- [Data extracts]
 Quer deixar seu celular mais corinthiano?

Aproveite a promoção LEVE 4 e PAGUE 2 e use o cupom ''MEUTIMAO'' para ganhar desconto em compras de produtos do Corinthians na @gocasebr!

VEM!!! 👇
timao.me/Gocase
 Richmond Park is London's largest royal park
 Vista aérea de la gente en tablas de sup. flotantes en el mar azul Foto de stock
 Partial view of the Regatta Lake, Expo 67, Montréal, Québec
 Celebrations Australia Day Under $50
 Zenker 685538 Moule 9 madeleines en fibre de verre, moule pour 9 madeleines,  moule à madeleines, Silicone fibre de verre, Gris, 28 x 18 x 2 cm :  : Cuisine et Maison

- [Exercise aim]
In the material above, locate the line containing "Aproveite a promoção" and the line containing "Vista aérea de". Transcribe exactly those two lines and every line between them, and nothing more.

- [Solution for this exercise]
Aproveite a promoção LEVE 4 e PAGUE 2 e use o cupom ''MEUTIMAO'' para ganhar desconto em compras de produtos do Corinthians na @gocasebr!

VEM!!! 👇
timao.me/Gocase
 Richmond Park is London's largest royal park
 Vista aérea de la gente en tablas de sup. flotantes en el mar azul Foto de stock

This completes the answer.